Optional Enhancements
| Focus | Enhancement | Why | Implementation Hint |
|---|---|---|---|
| Comparative Metrics | Track token usage + first-token latency | Holistic perf view | Use enhanced benchmark script (Session 3) with BENCH_STREAM=1 |
| Hybrid Pipeline | SLM draft → LLM refine | Reduce latency & cost | Generate with phi-4-mini, refine summary w/ gpt-oss-20b |
| Streaming UI | Better UX in Chainlit | Incremental feedback | Use stream=True once local streaming is exposed; accumulate chunks |
| WebGPU Caching | Faster JS init | Reduce recompile overhead | Cache compiled shader artifacts (future runtime capability) |
| Deterministic QA Set | Fair model comparison | Remove variance | Fixed prompt list + temperature=0 for evaluation runs |
| Output Scoring | Structured quality lens | Move beyond anecdotes | Simple rubric: coherence / factuality / brevity (1–5) |
| Energy / Resource Notes | Classroom discussion | Show trade-offs | Use OS monitors (Task Manager, nvidia-smi) + benchmark script outputs |
| Cost Emulation | Pre-cloud justification | Plan scaling | Map tokens to hypothetical cloud pricing for TCO narrative |
| Latency Decomposition | Identify bottlenecks | Target optimizations | Measure prompt prep, request send, first token, full completion |
| RAG + LLM Fallback | Quality safety net | Improve difficult queries | If SLM answer length < threshold or low confidence → escalate |
Example Hybrid Draft/Refine Pattern
draft, _ = chat_once('phi-4-mini', messages=[{"role":"user","content":task}], max_tokens=300, temperature=0.4)

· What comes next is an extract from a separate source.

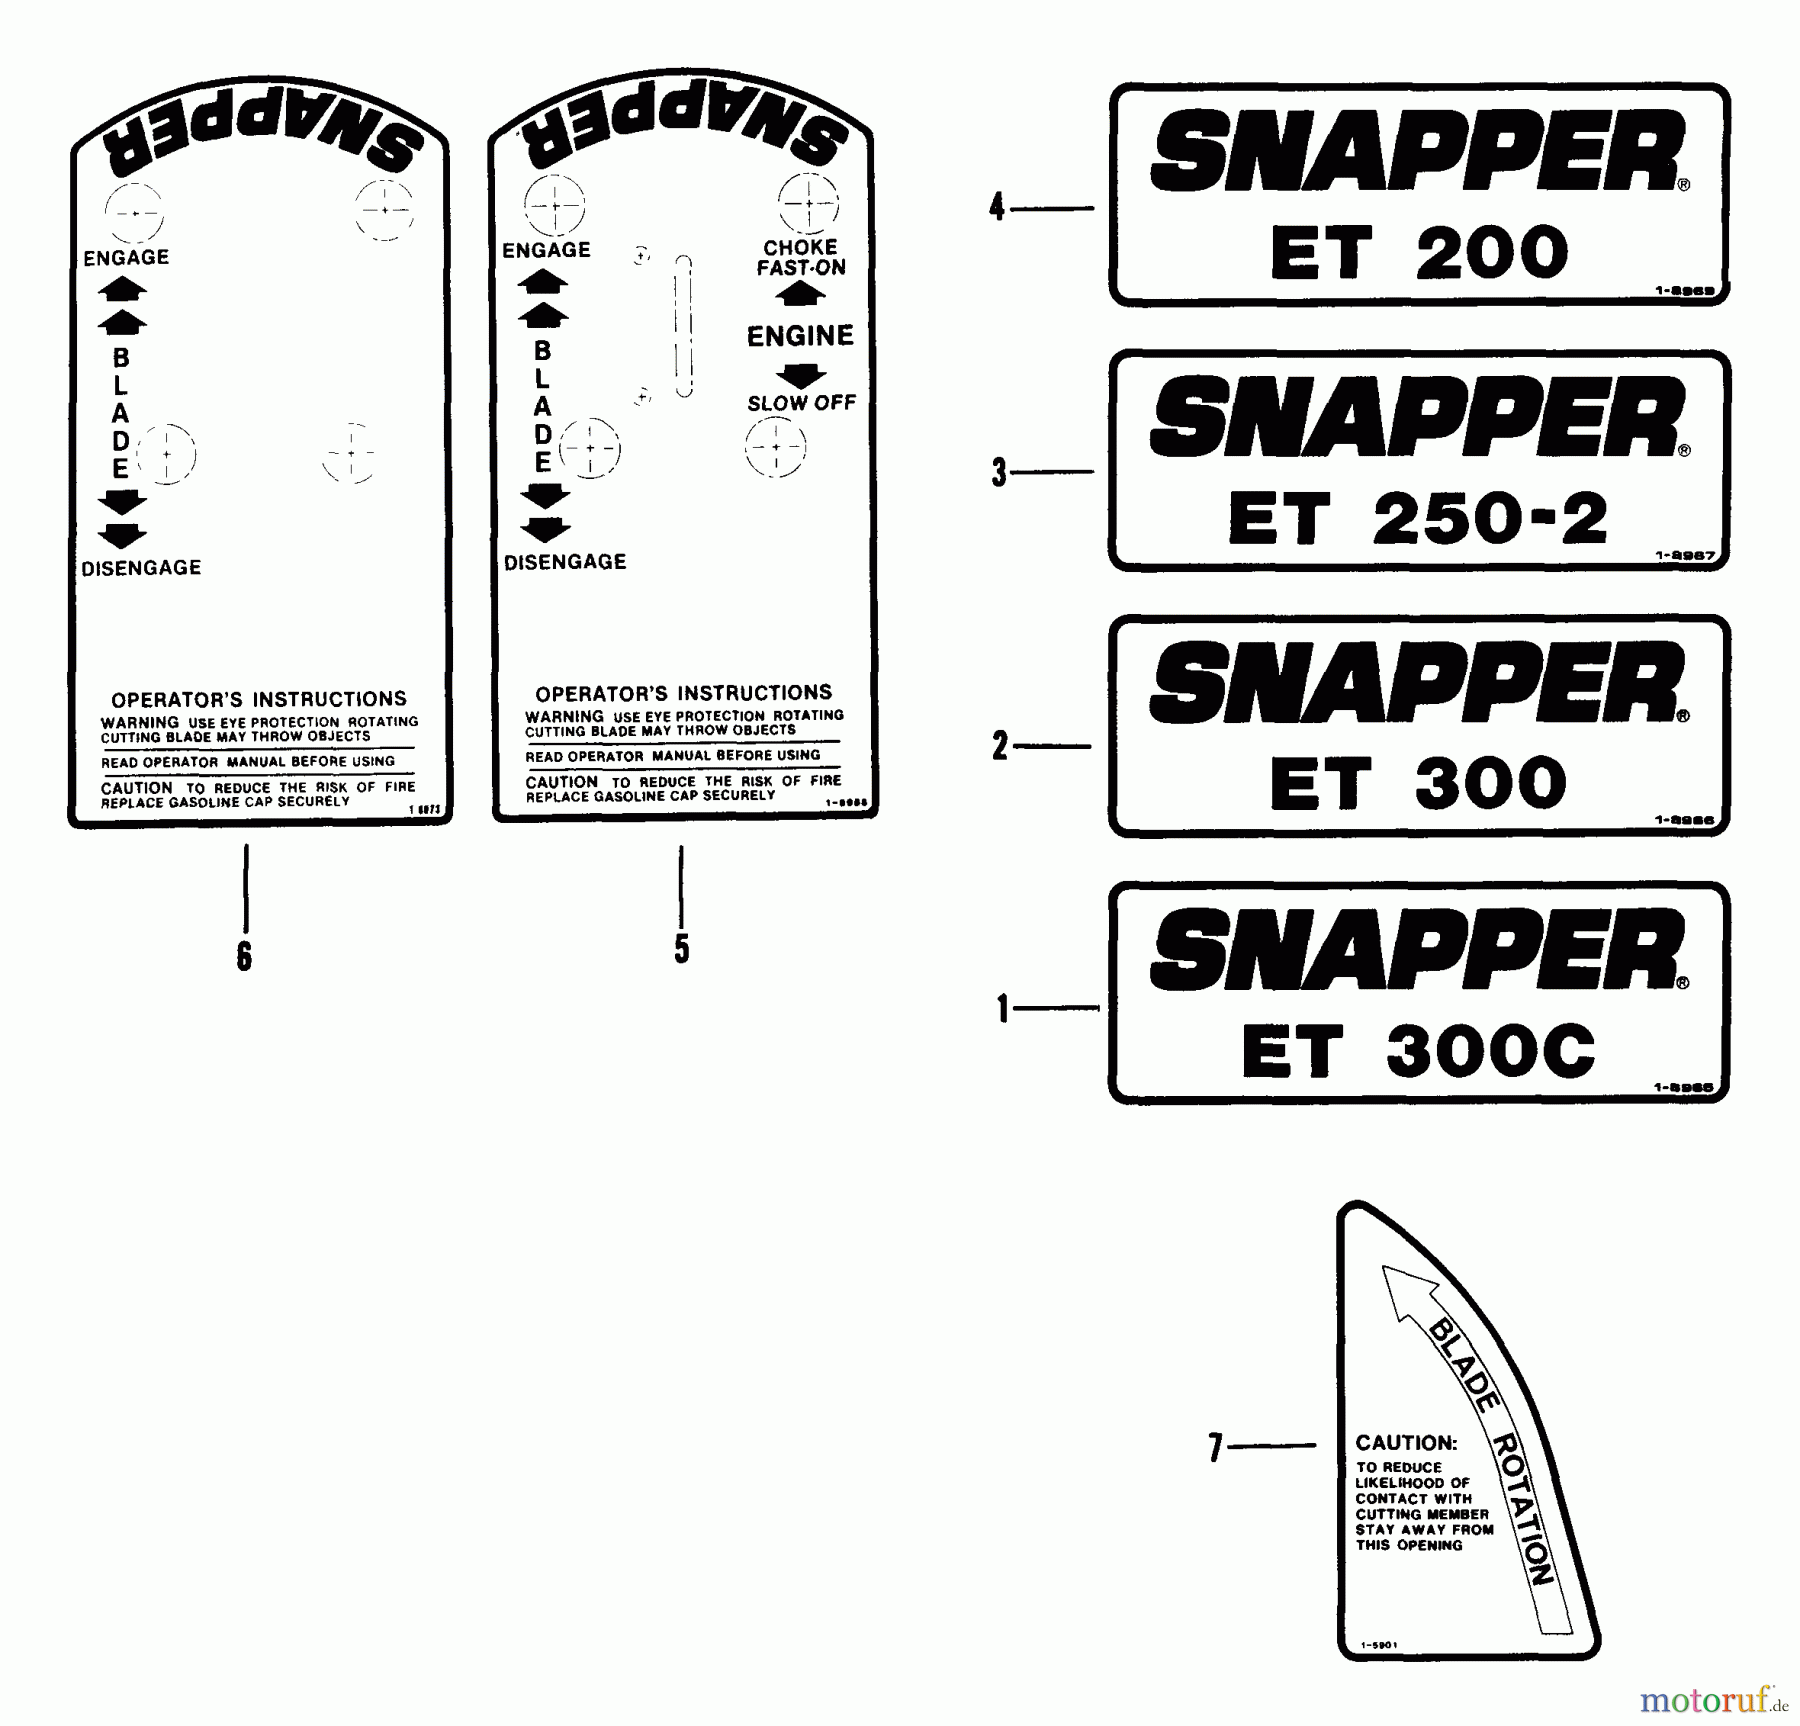  Snapper Kantenschneider ET250-2 - Snapper Edger Trimmer, 2.5 HP, 2-Cycle, Series 0 Decals
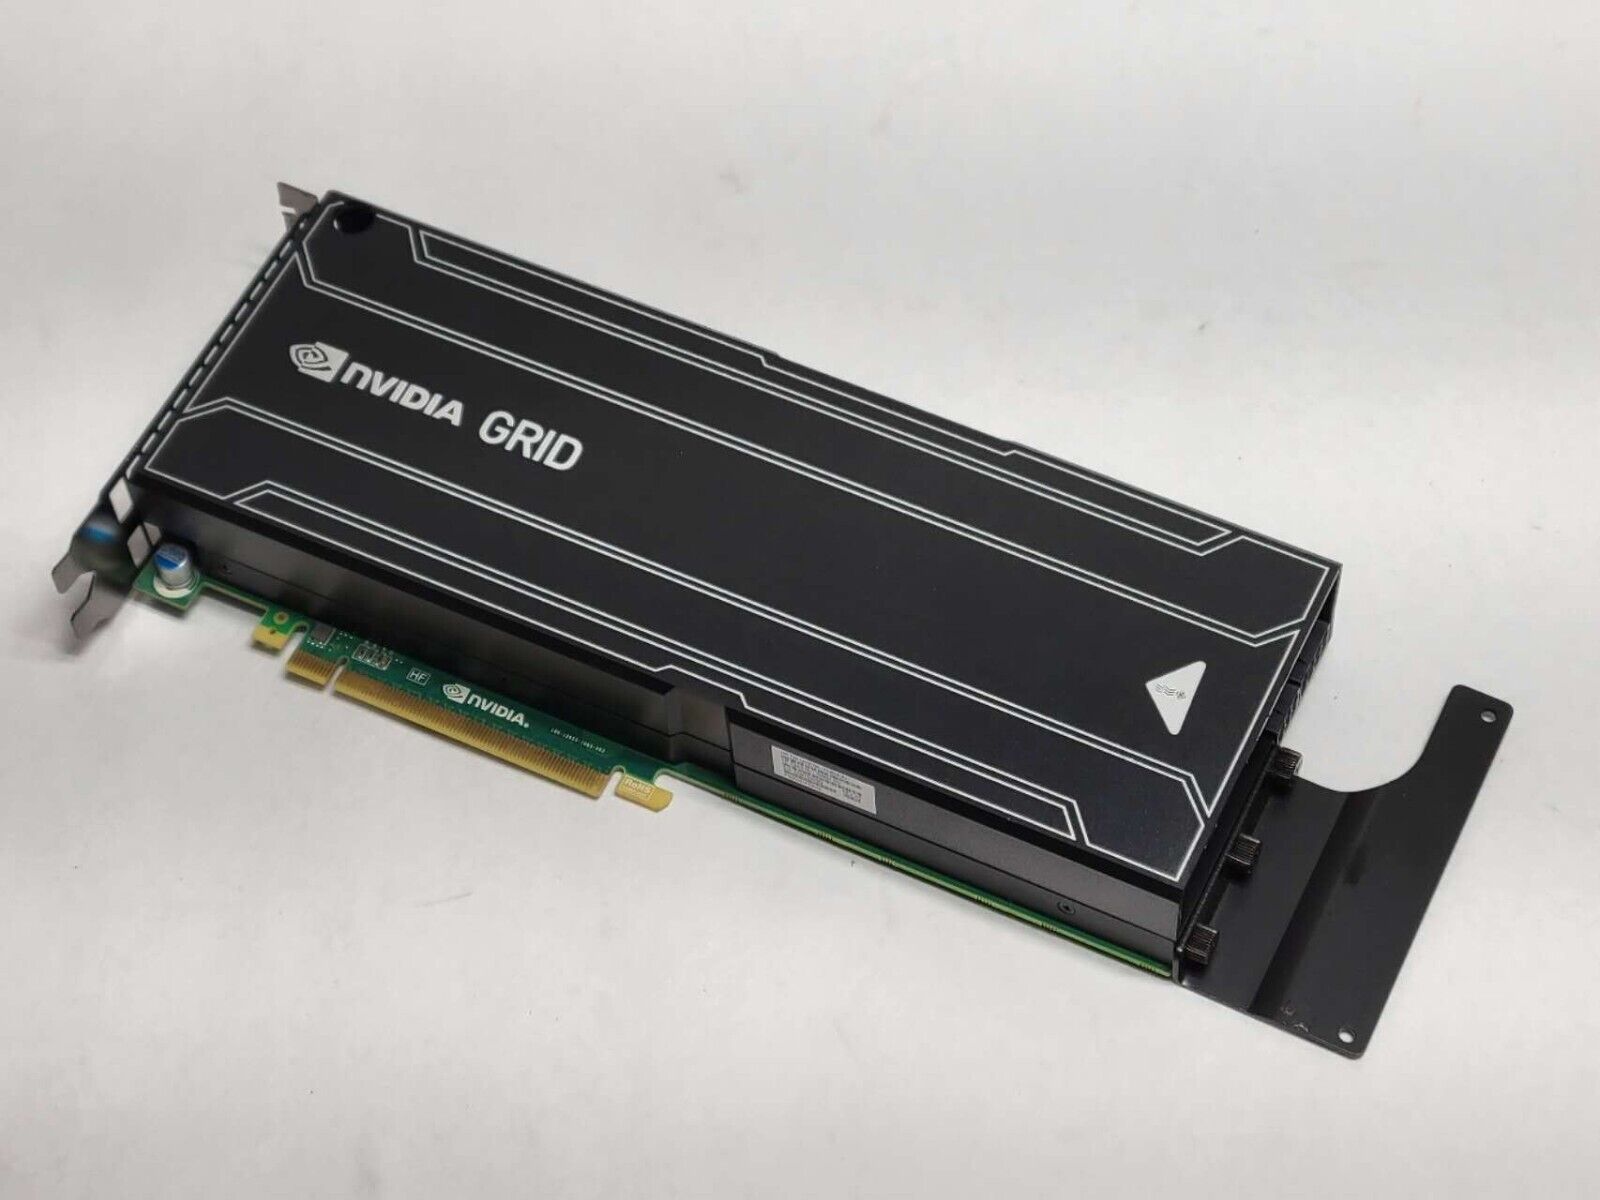 HP NVIDIA Grid K2 8GB GDDR5 PCIE GPU Dual Graphics Video Card GPU 756822-001

refine, _ = chat_once('gpt-oss-20b', messages=[{"role":"user","content":f"Improve clarity but keep facts:\n{draft}"}], max_tokens=220, temperature=0.3)
Latency Breakdown Sketch
import time
t0 = time.time(); # build messages
prep_ms = (time.time()-t0)*1000
t1 = time.time(); text,_ = chat_once(alias, messages=msgs, max_tokens=180)
full_ms = (time.time()-t1)*1000
print({"prep_ms": prep_ms, "full_gen_ms": full_ms})
Use consistent measurement scaffolding across models for fair comparisons.